_REQUIREMENT_
Without its pictures, the listing below is to be transcribed exactly.

+===+

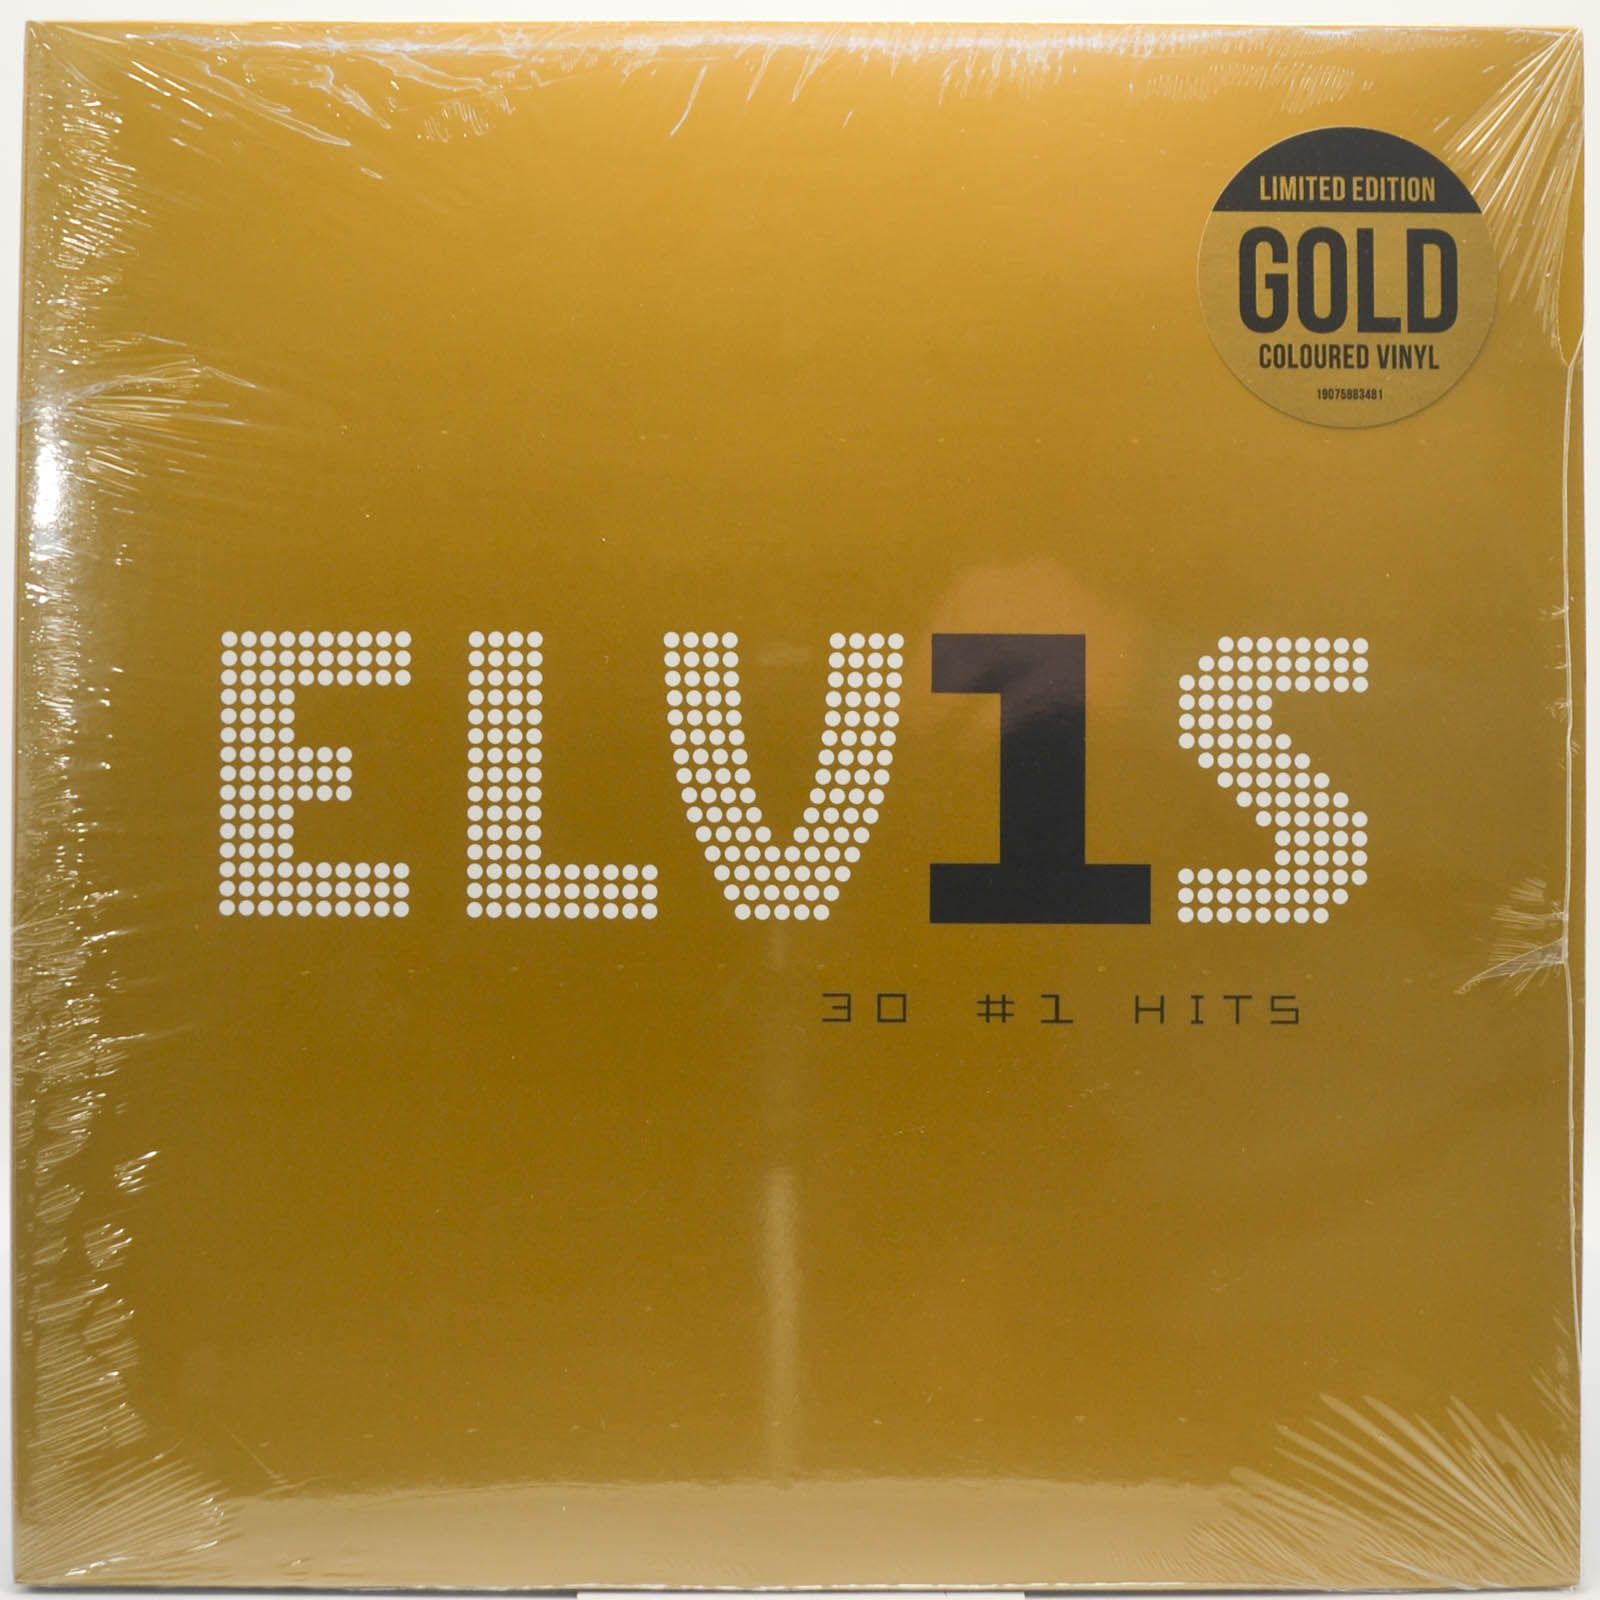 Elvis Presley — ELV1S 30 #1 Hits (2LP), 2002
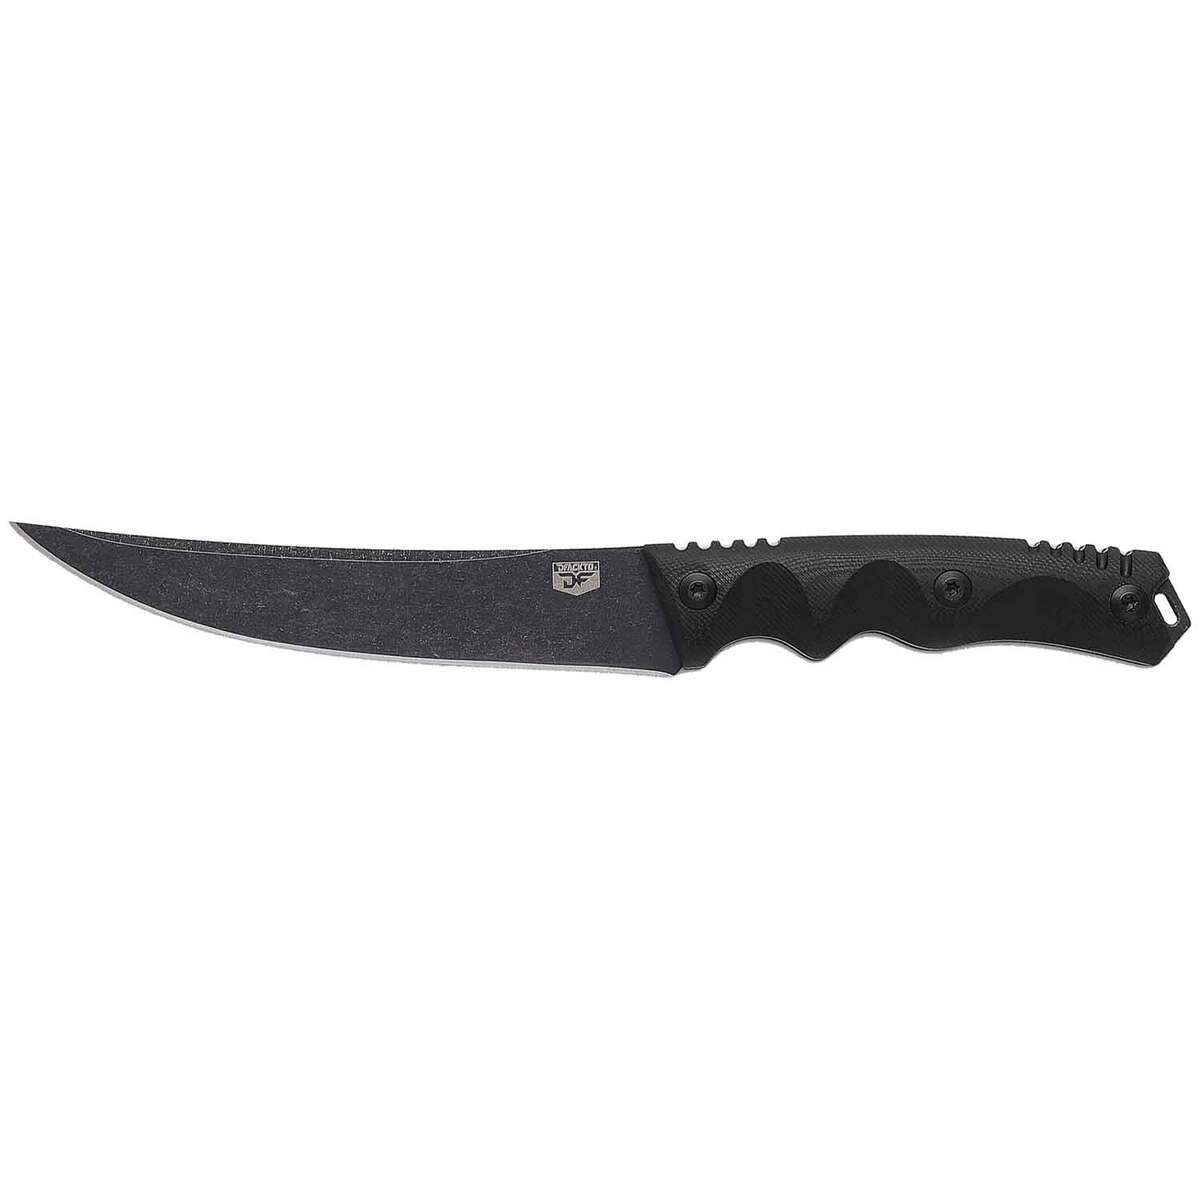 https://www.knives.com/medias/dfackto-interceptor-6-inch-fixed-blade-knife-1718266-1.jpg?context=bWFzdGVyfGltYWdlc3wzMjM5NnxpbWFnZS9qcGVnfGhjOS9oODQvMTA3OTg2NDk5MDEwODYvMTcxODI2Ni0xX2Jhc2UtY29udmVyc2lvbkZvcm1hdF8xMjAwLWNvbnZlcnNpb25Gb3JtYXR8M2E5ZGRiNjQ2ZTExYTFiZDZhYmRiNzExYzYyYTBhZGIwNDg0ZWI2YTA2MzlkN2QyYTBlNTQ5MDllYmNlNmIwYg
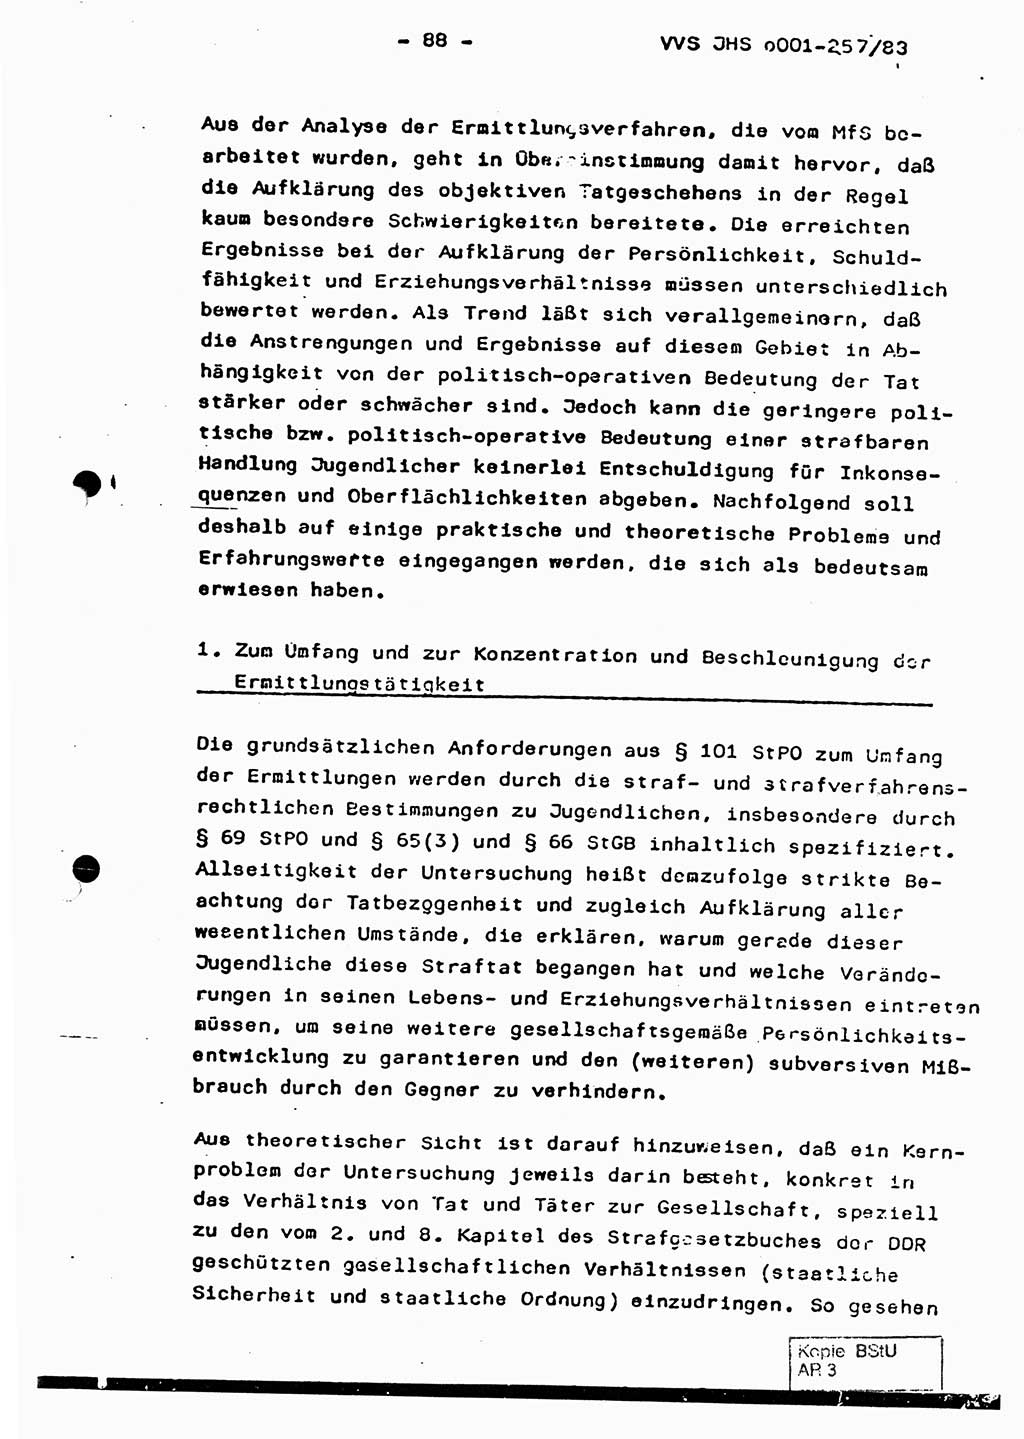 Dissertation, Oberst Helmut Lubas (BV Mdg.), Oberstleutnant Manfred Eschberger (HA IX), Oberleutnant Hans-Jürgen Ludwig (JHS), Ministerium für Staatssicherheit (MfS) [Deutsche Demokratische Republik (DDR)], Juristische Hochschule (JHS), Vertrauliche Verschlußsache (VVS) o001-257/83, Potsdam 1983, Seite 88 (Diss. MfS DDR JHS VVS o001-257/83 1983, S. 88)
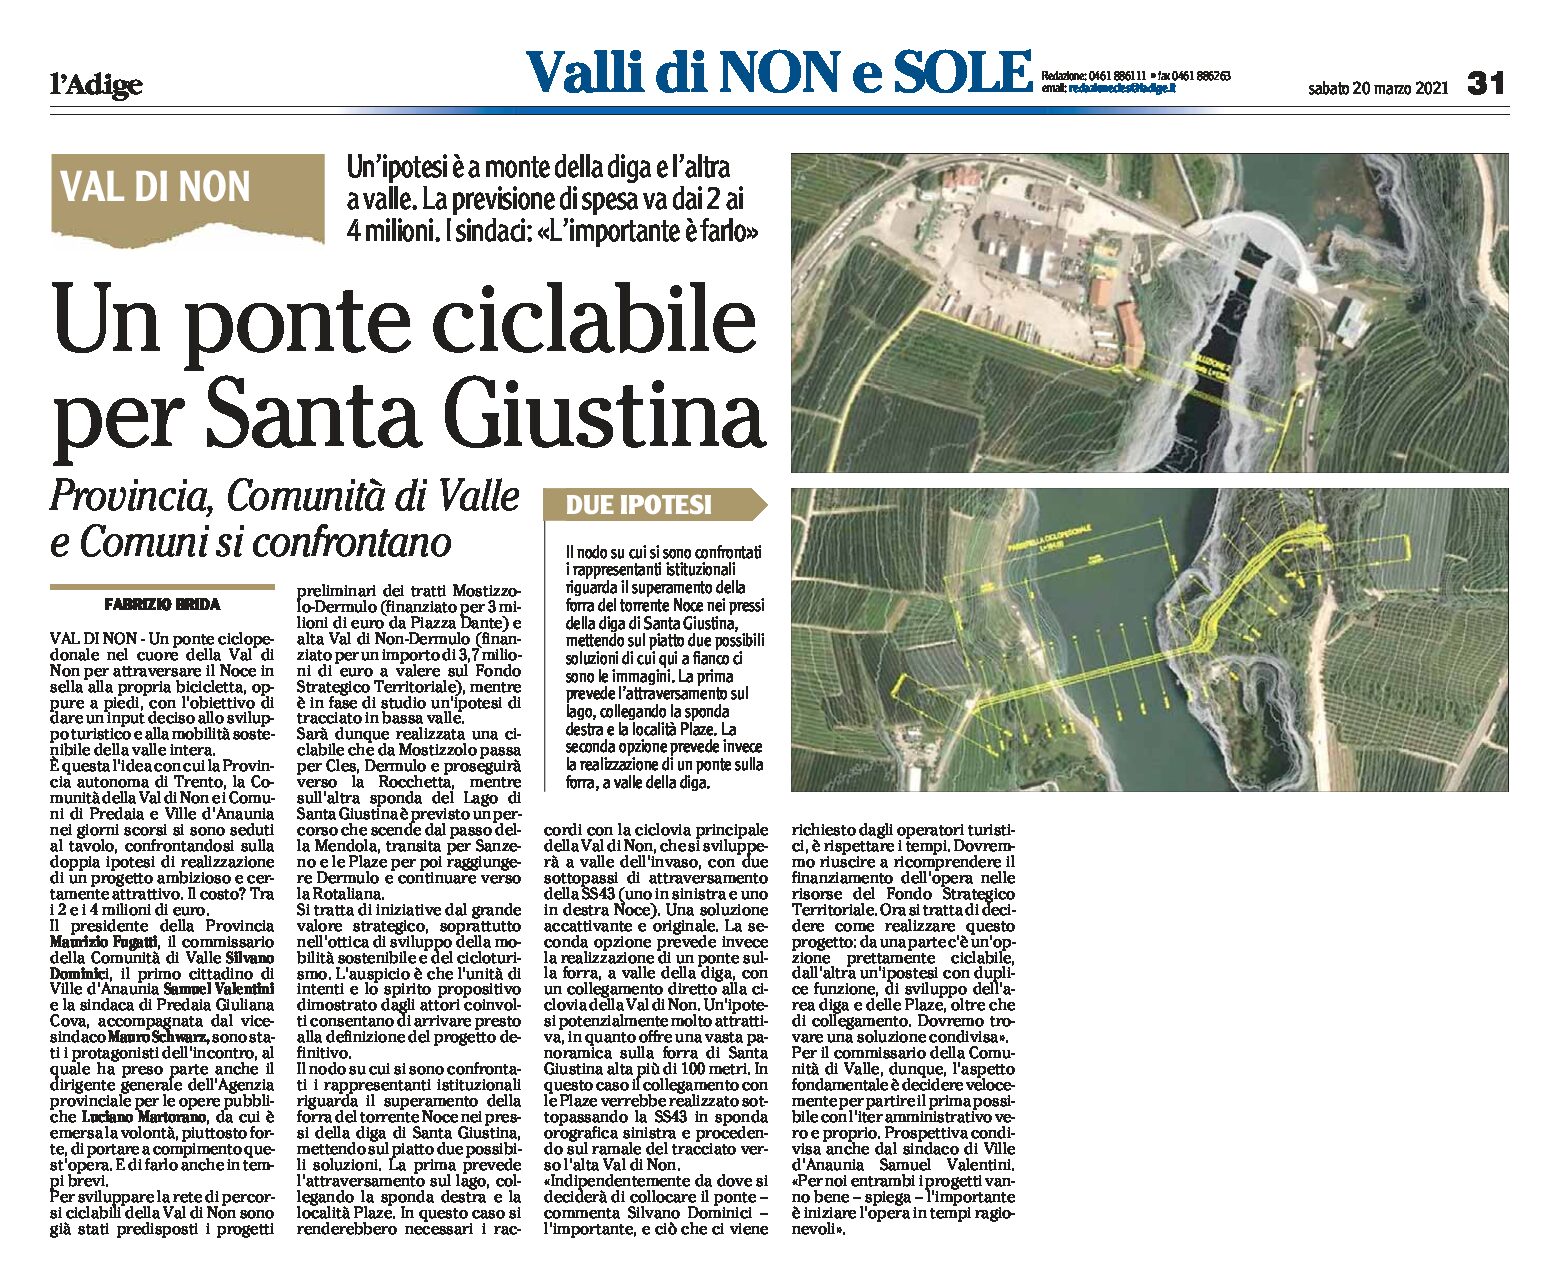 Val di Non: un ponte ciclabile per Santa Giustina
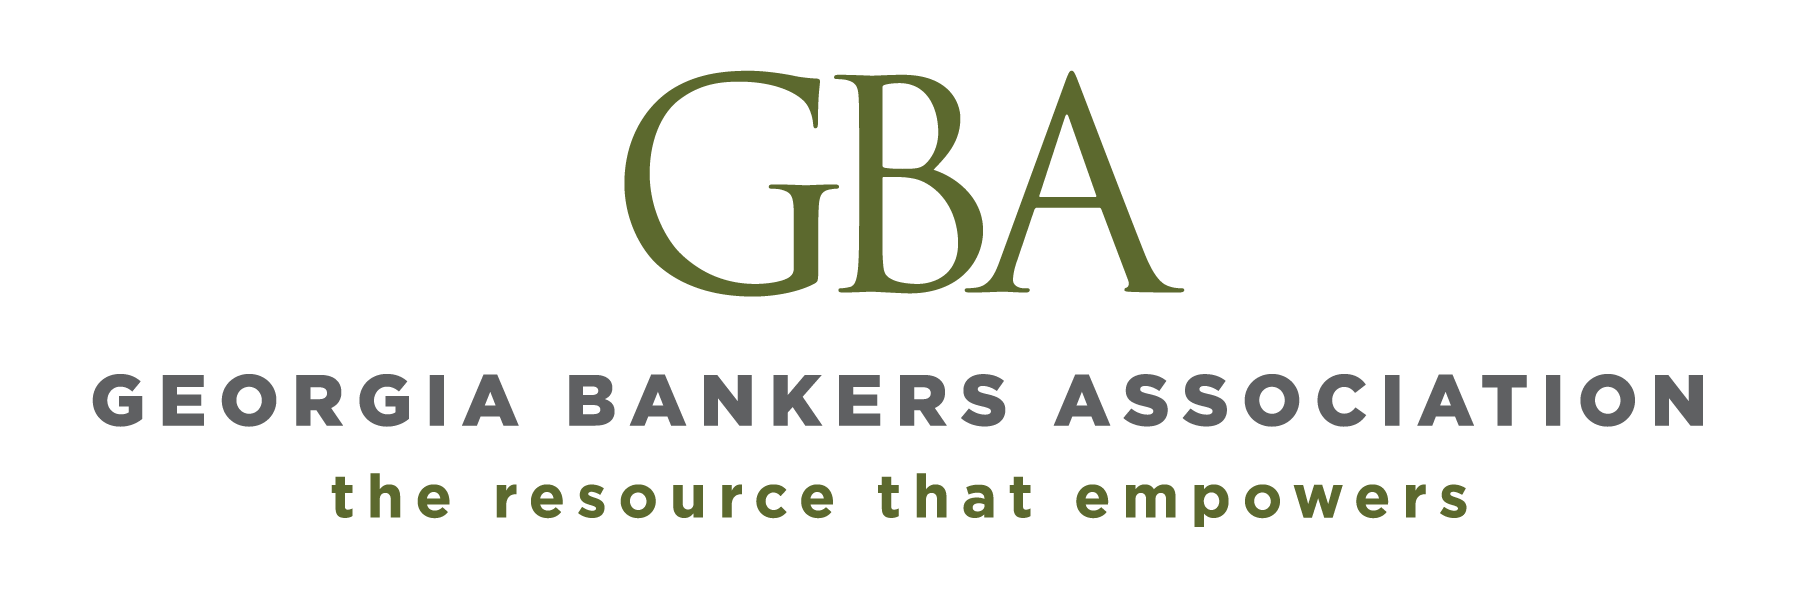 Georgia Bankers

+===+

_EXERCISE OUTPUT_
 Elvis Presley — ELV1S 30 #1 Hits (2LP), 2002
 https://www.knives.com/medias/dfackto-interceptor-6-inch-fixed-blade-knife-1718266-1.jpg?context=bWFzdGVyfGltYWdlc3wzMjM5NnxpbWFnZS9qcGVnfGhjOS9oODQvMTA3OTg2NDk5MDEwODYvMTcxODI2Ni0xX2Jhc2UtY29udmVyc2lvbkZvcm1hdF8xMjAwLWNvbnZlcnNpb25Gb3JtYXR8M2E5ZGRiNjQ2ZTExYTFiZDZhYmRiNzExYzYyYTBhZGIwNDg0ZWI2YTA2MzlkN2QyYTBlNTQ5MDllYmNlNmIwYg
 Dissertation, Oberst Helmut Lubas (BV Mdg.), Oberstleutnant Manfred Eschberger (HA IX), Oberleutnant Hans-Jürgen Ludwig (JHS), Ministerium für Staatssicherheit (MfS) [Deutsche Demokratische Republik (DDR)], Juristische Hochschule (JHS), Vertrauliche Verschlußsache (VVS) o001-257/83, Potsdam 1983, Seite 88 (Diss. MfS DDR JHS VVS o001-257/83 1983, S. 88)
 Val di Non: un ponte ciclabile per Santa Giustina
 Georgia Bankers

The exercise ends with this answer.